Bosch racked him hard against the door again.
“Where does Dockweiler live?”
“I don’t know! Get the fuck off me!”
Sisto shoved Bosch off with such force that he was nearly driven into the opposite wall. He hit a counter with his hip and an empty glass coffeepot fell off its hot plate and shattered on the floor.
Drawn by the harsh voices and crashing glass, Valdez and Trevino came charging through the door. It swung right into Sisto, hitting him from behind and knocking him out of the way.
“What the hell’s going on?” Valdez demanded.
One hand holding the back of his head, Sisto pointed a finger at Bosch with the other.
“He’s crazy! Keep him the fuck away from me.”
Bosch pointed right back at him.
“You should’ve gone with her. But you gave her a bullshit line and she went up there on her own.”
“What about you, old man? It wasn’t my case. It was yours. You shoulda been there, not me.”
Bosch turned away from him and looked at Valdez.
“Dockweiler,” he said. “Where does he live?”
“Up in Santa Clarita, I think,” Valdez said. “At least he did when he worked for me. Why? What’s going on here?”
He put a hand on Bosch’s shoulder to keep Bosch from moving toward Sisto. Bosch shrugged it off and pointed at Dockweiler’s desk like it was incontrovertible evidence of something only he could see.
“It’s him,” Bosch said. “Dockweiler’s the Screen Cutter. And he’s got Bella.”
29
They took two cars and headed code 3 up the 5 freeway. Valdez and Bosch were in the lead car with Valdez behind the wheel.
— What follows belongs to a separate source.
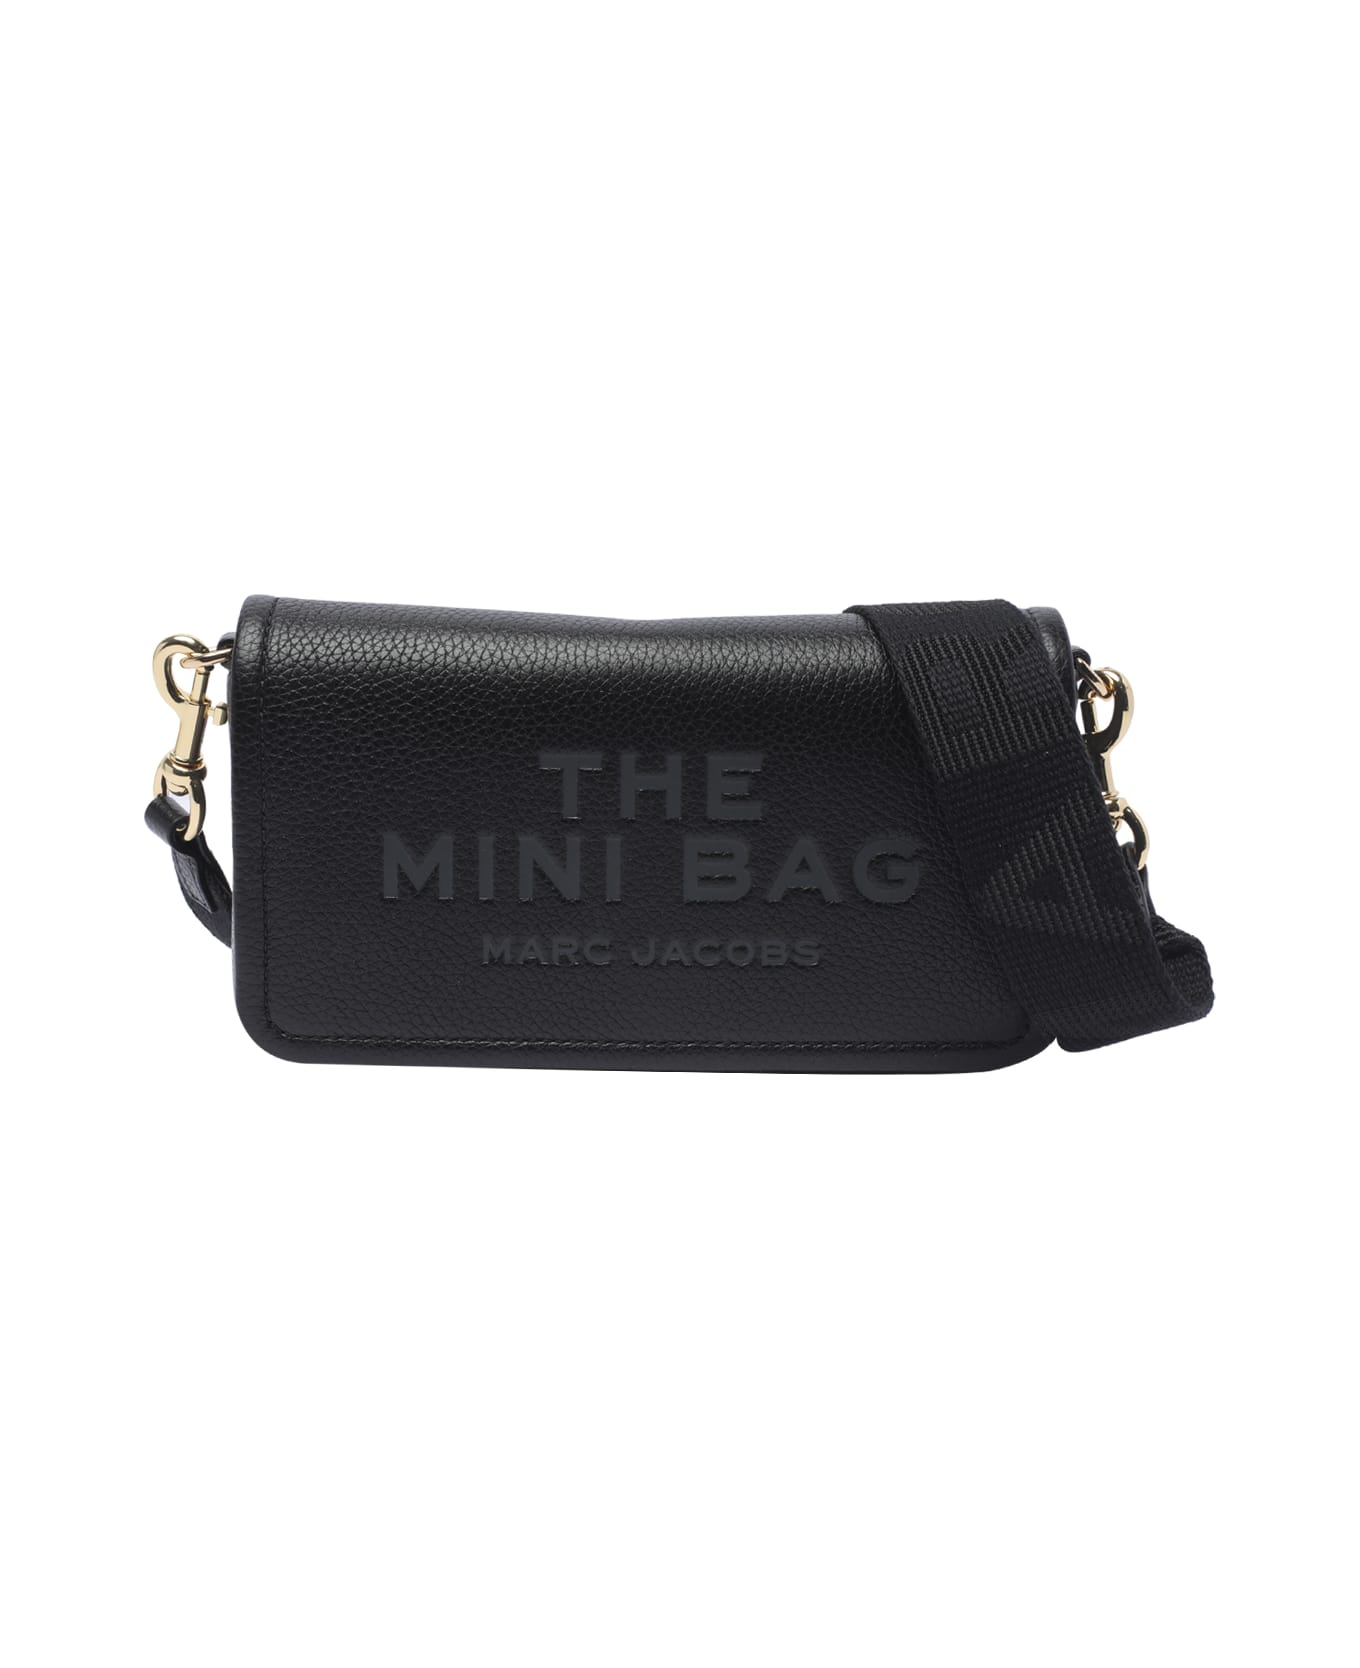 Marc Jacobs The Mini Bag Crossbody Bag - Nero

The police chief had wisely separated Bosch from Sisto, who drove the second car with Trevino riding shotgun and probably miffed that the tensions between Bosch and Sisto had resulted in his being separated from the chief.
Valdez was on the phone barking an order to someone in the communications center.
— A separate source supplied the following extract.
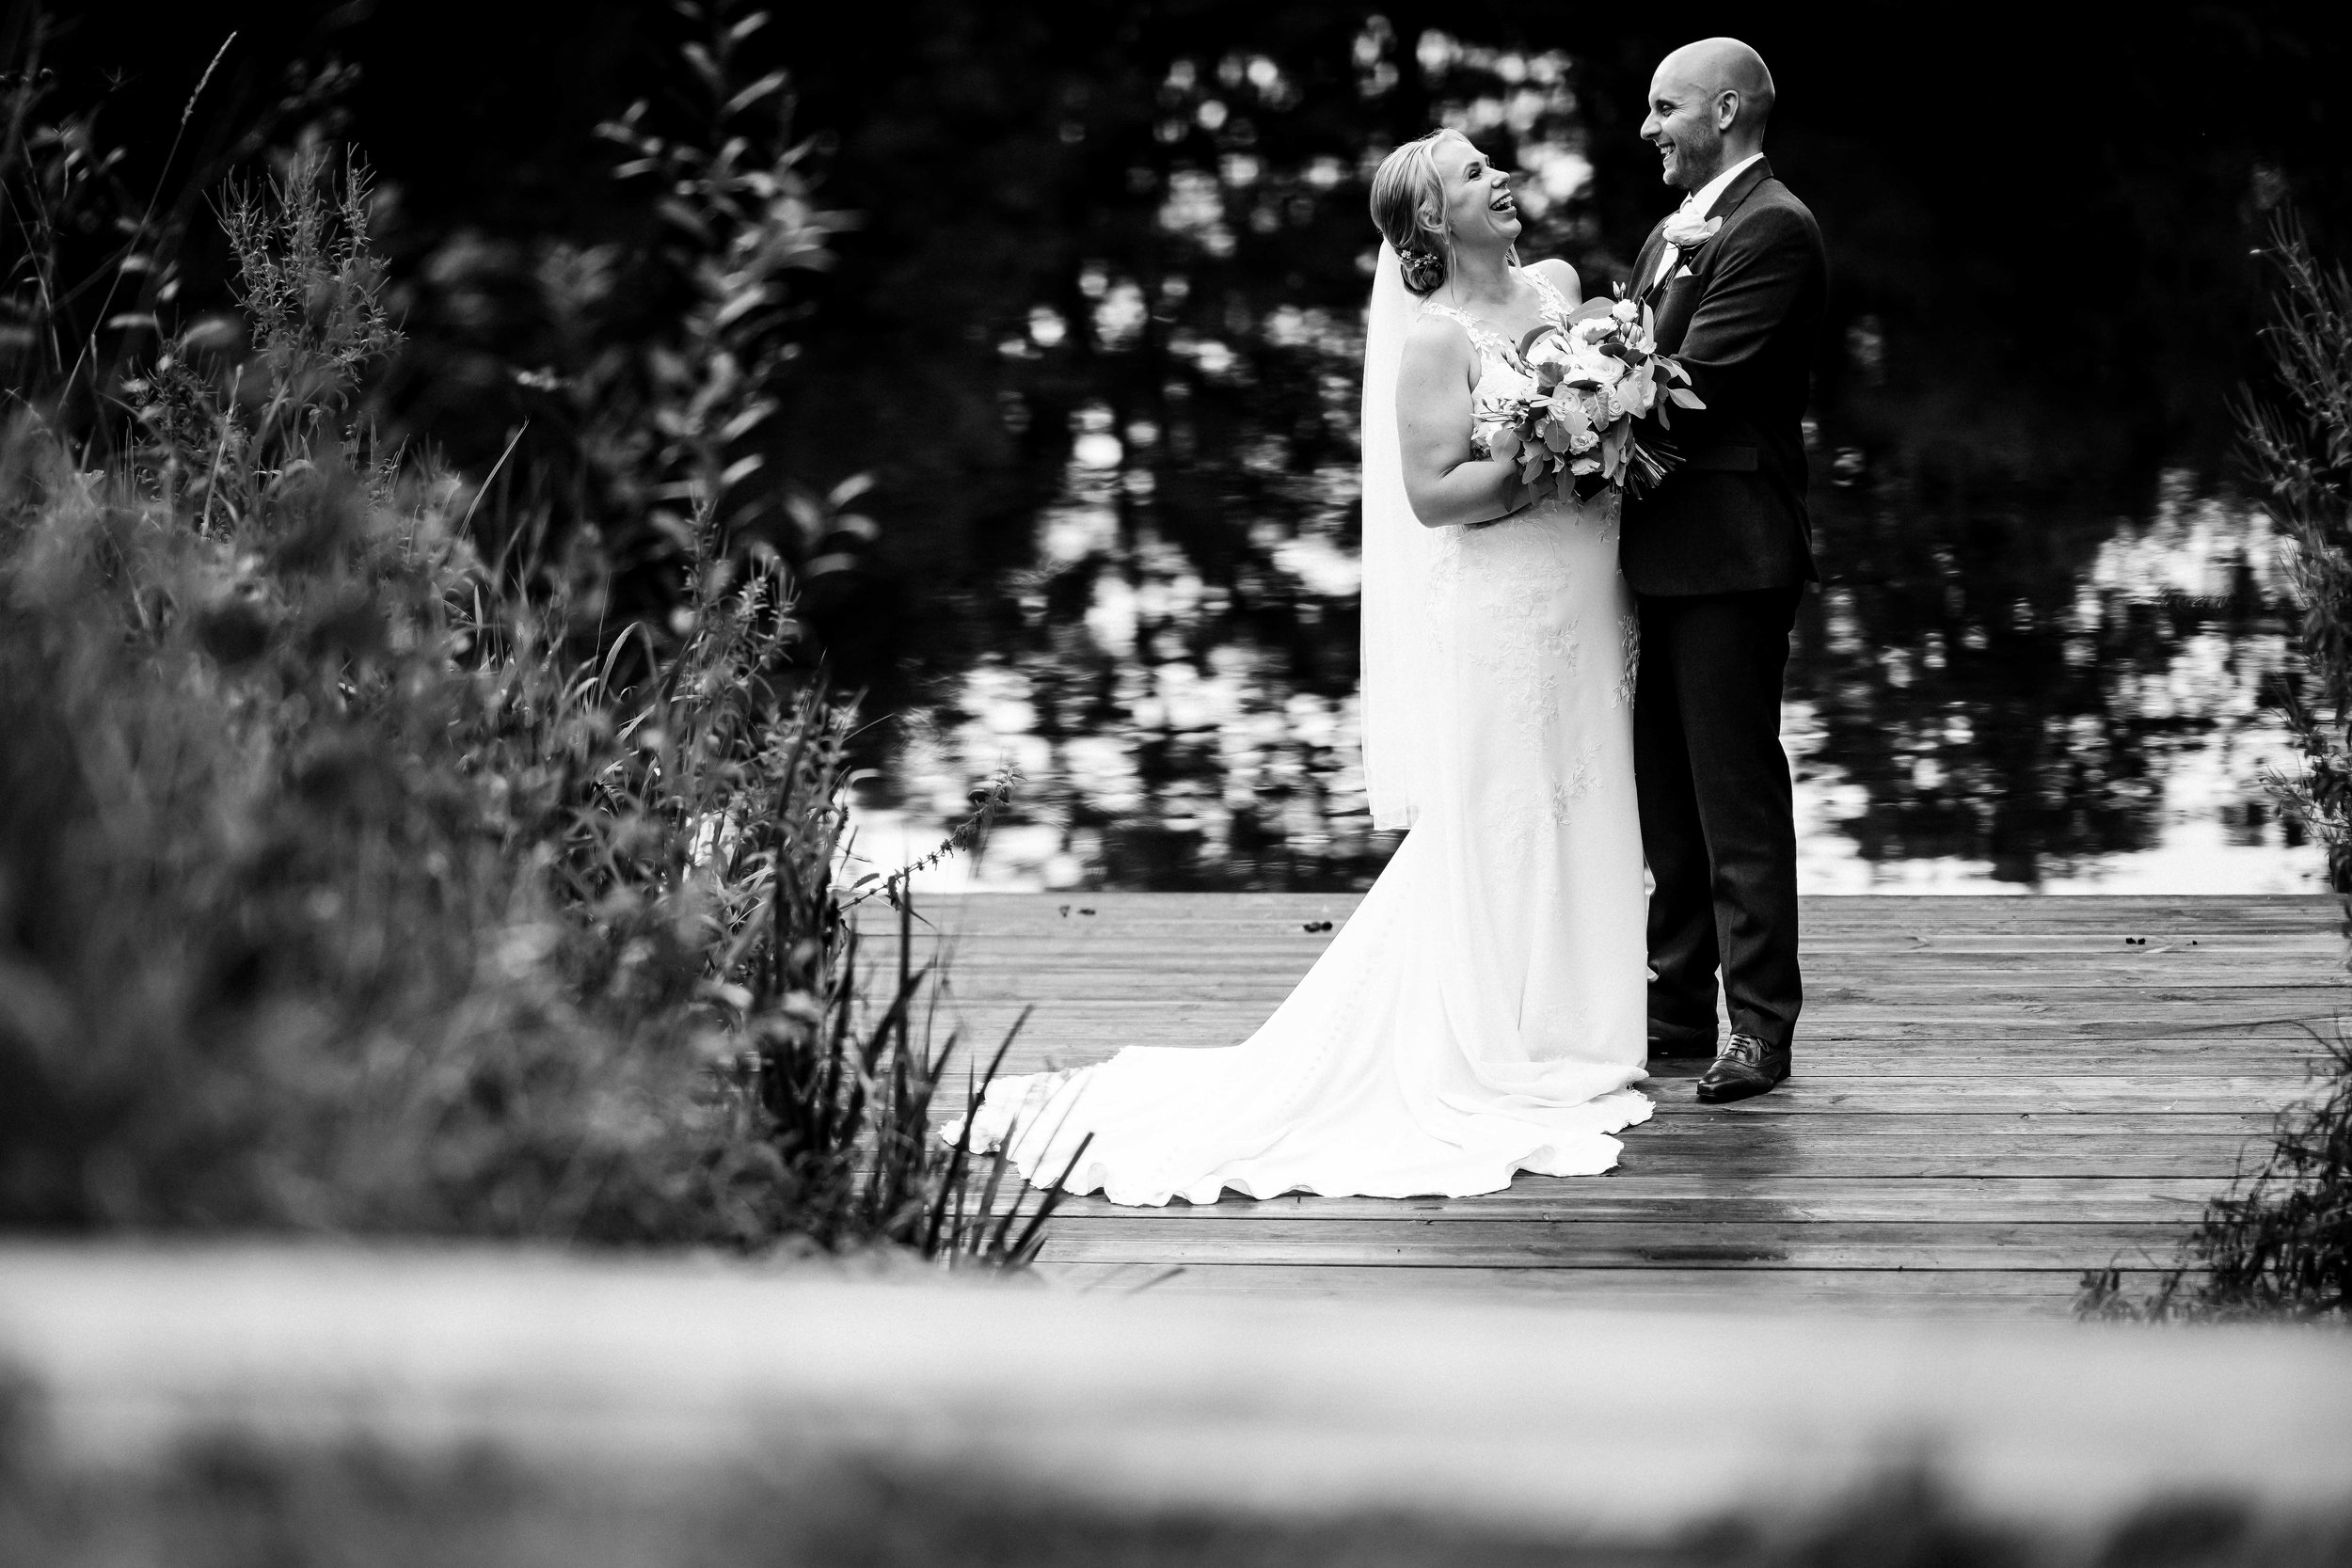 Styal Lodge wedding photography cheshire - 041.jpg

“I don’t care,” he said. “Call whoever you have to call. Just get me the goddamn address. I don’t care if you need to send cars to their houses to get a response.”
He disconnected and cursed. So far the com center had not been able to make contact with the director of Public Works or the city manager to get access to city payroll records and Dockweiler’s address. They had checked DMV records before leaving the station and found that Dockweiler had somehow managed himself or benefited from a bureaucratic glitch to keep a law enforcement officer block on his address nearly five years after leaving the police department.
So they were heading to the Santa Clarita Valley based solely on Valdez’s memory that Dockweiler lived somewhere up there five years ago.
“We might get up there and have no place to go,” Valdez said.
He banged the steering wheel with an open palm and changed the subject.
“What was that all about back there with Sisto, Harry?” he asked. “I’ve never seen you act like that.”
“I’m sorry, Chief,” Bosch said. “I lost it. If I could have thrown myself against the door, I would have. But I took it out on Sisto.”
“Took what out?”
“I should’ve been with Bella today. My case, I should’ve been there. Instead, I told her to take Sisto and I should’ve known she’d go alone if he wasn’t around.”
“Look, we don’t even know if this Dockweiler thing is legit. So hold off on beating yourself up. I need you focused here.”